Souvent assiégée et bombardée aux temps
modernes, jamais véritablement conquise,
Dubrovnik étale ses toits rouges luisants de pluie,
tous neufs, depuis la route en hauteur que nous
prenons en car et qui nous permet d’apercevoir
remparts, port, vieille ville etc... et de nouveaux
grands hôtels hors les murs. Tour guidé depuis la
porte Pile sous la protection de Saint Blaise et
remontée de la Placa ou Stradum. Le centre, avec
son palais des recteurs, le palais Sponza, la colonne
de Roland et la tour de l’horloge du 15e siècle,
reste habité (3 000 habitants sur les 17 000 de
Dubrovnik). Les intempéries plongeront la ville
dans l’obscurité, limitant les visites, mais sans
nous priver du spectacle de danses folkloriques.
Samedi 1er octobre, arrivée dans les bouches de
Kotor vers 7h30 par un temps triste et frais. La
ville est dominée par un rempart comme un petit
morceau de la muraille de Chine égaré au
Monténégro et nous offre un pittoresque musée
de la marine, ainsi que la cathédrale romane de
Saint Tryphon avec une splendide madone
gothique de Dobricevic et les chefs d’oeuvre des
maîtres orfèvres de Kotor, reliquaire en argent et
«cimeterre d’or» du 15e siècle.
La navigation de jour, malgré le temps décidément
pluvieux, nous permet de voir toutes les petites îles
des bouches (4 golfes se succèdent sur 2 km, avec
de nombreuses calanques), les anciens chantiers
navals et de blanches bâtisses pleines d’histoires
d’amour tragiques.
Le soir, dîner de luxe aux chandelles, en tenue
rouge et noir, chacun sur son 31, sauf les quelques
malheureux que le roulis indispose et indisposera
toute la nuit. Ce sera notre seule épreuve face aux
éléments...
Dimanche, navigation plus apaisée le long du
Monténégro puis de l’Albanie, et 1ère escale
grecque, l’île de Corfou, antique Kerkyra, tout en
longueur, poste avancé sur l’Adriatique. La ville est
dominée par une forteresse à 2 sommets, construite
par les vénitiens. D’abord colonie grecque, elle
devient spartiate, athénienne, romaine et enfin
britannique. Un petit tour à Kanoni, et nous
sommes «lâchés» dans les rues commerçantes de
Corfou.
Le lendemain, dès potron-minet, nous abordons,
sous un ciel clair, l’entrée du canal de Corinthe,
tranchée longue de 6 343 m et large de 23 m réalisée
au 19e siècle, dans lequel l’Adriana se faufilera
sous les yeux émerveillés des 500 passagers.
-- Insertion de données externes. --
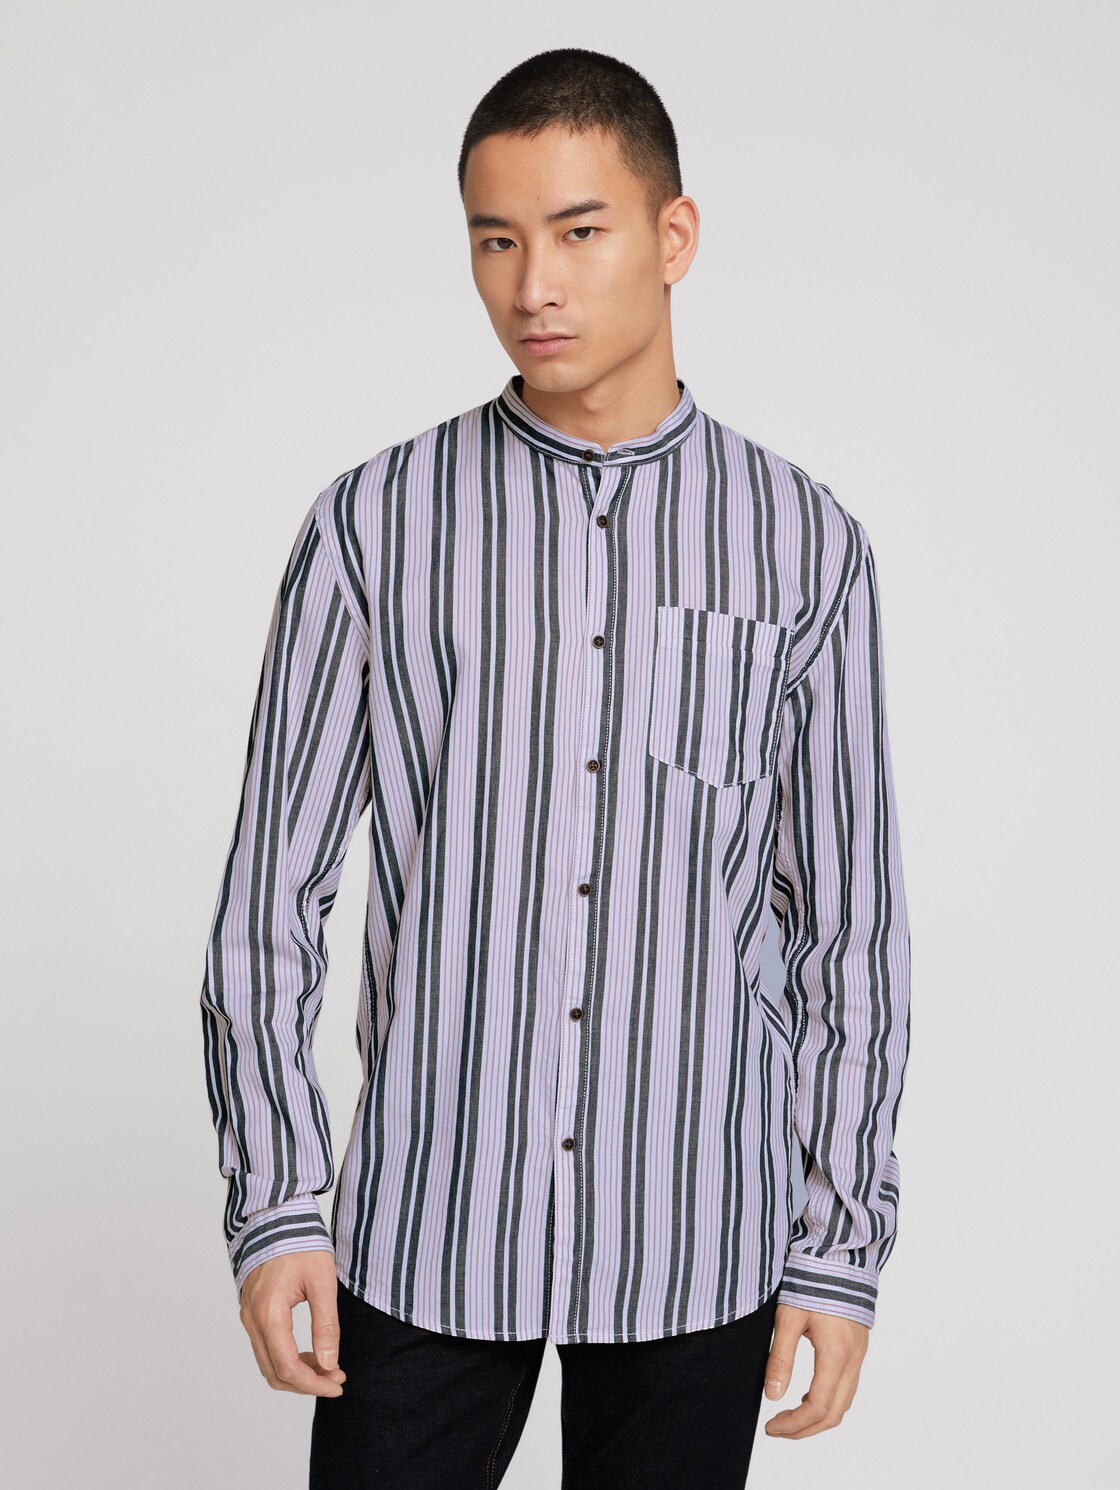 TOM TAILOR DENIM overhemd met patroon en opstaande kraag, navy berry big stripe, XL
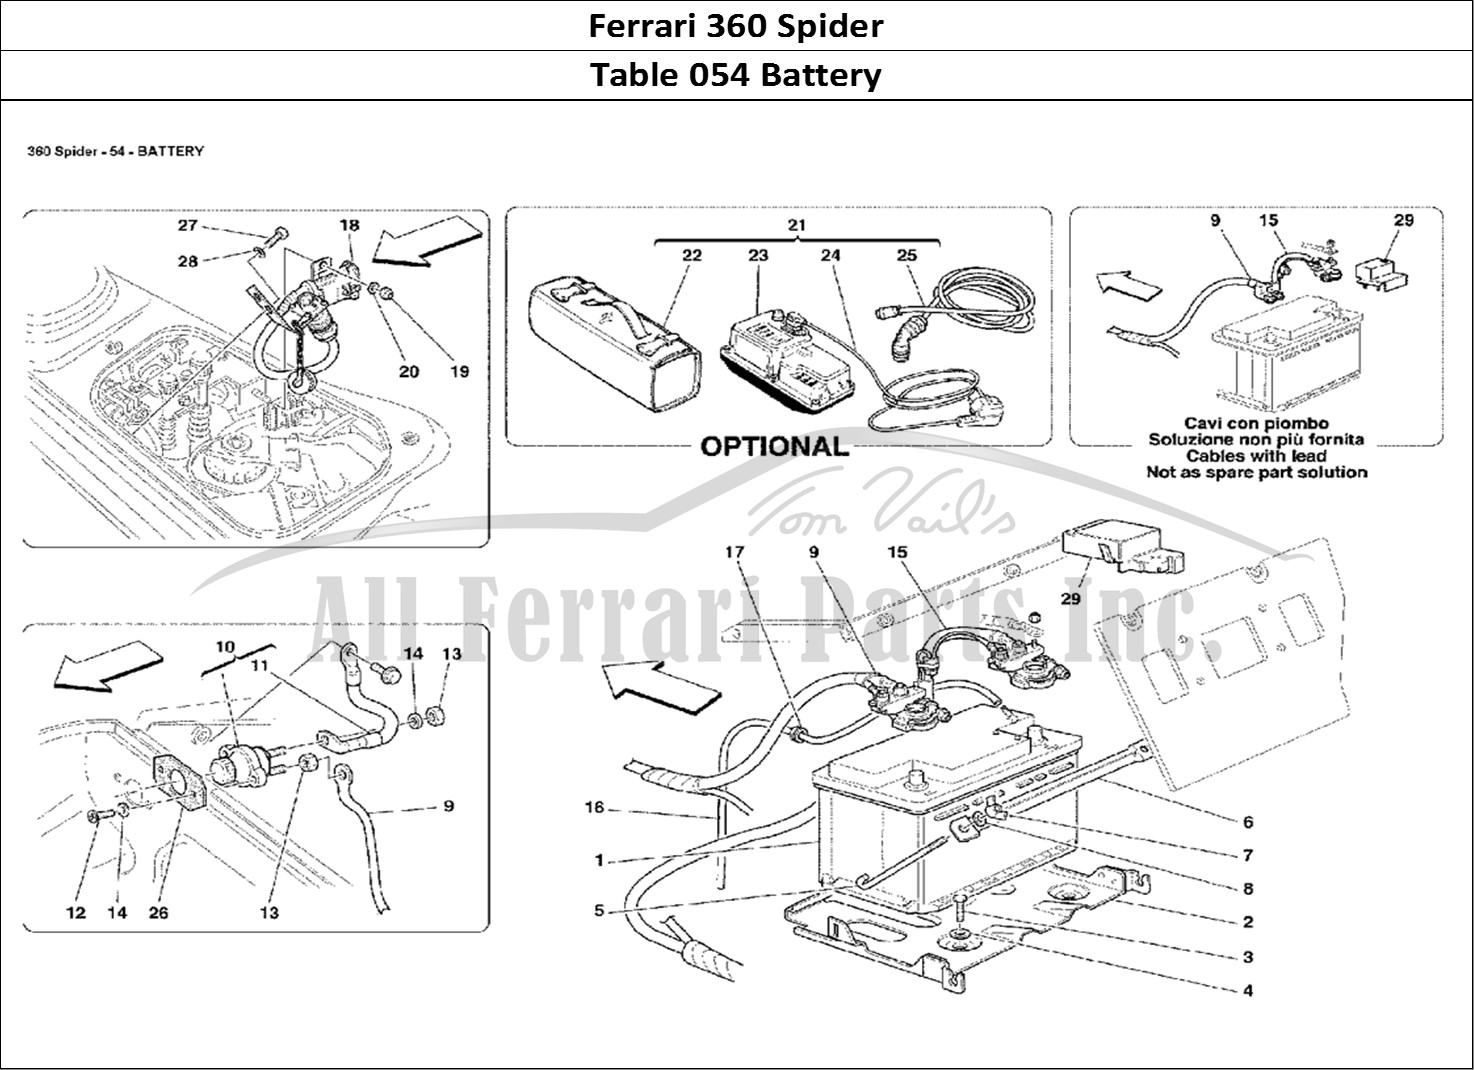 Ferrari Parts Ferrari 360 Spider Page 054 Battery

le canal de Corinthe (photo voyages A3)
Un tour de ville d’Athènes nous entraîne le long
du Pirée, du grandiose stade olympique au palais
aux 100 colonnes de Zeus (construit par les
romains), en passant par la relève de la garde avec
jupette et lourds godillots à pompon. Le clou est
la visite du Parthénon, sous un soleil radieux, malheureusement
sans incursion dans le musée
renommé, pourtant à proximité, mais petit lâcher
dans le quartier pour touriste de la Placa.
En raison de «mouvements sociaux» à Roissy, il est
question d’atterrir à Charleroi. Tout s’arrangera, et
notre départ retardé autorisera même une excursion
surprise au cap Sounion, site superbe, dominé
par les ruines monumentales d’un temple dédié
à Poséidon, 5 siècles avant notre ère.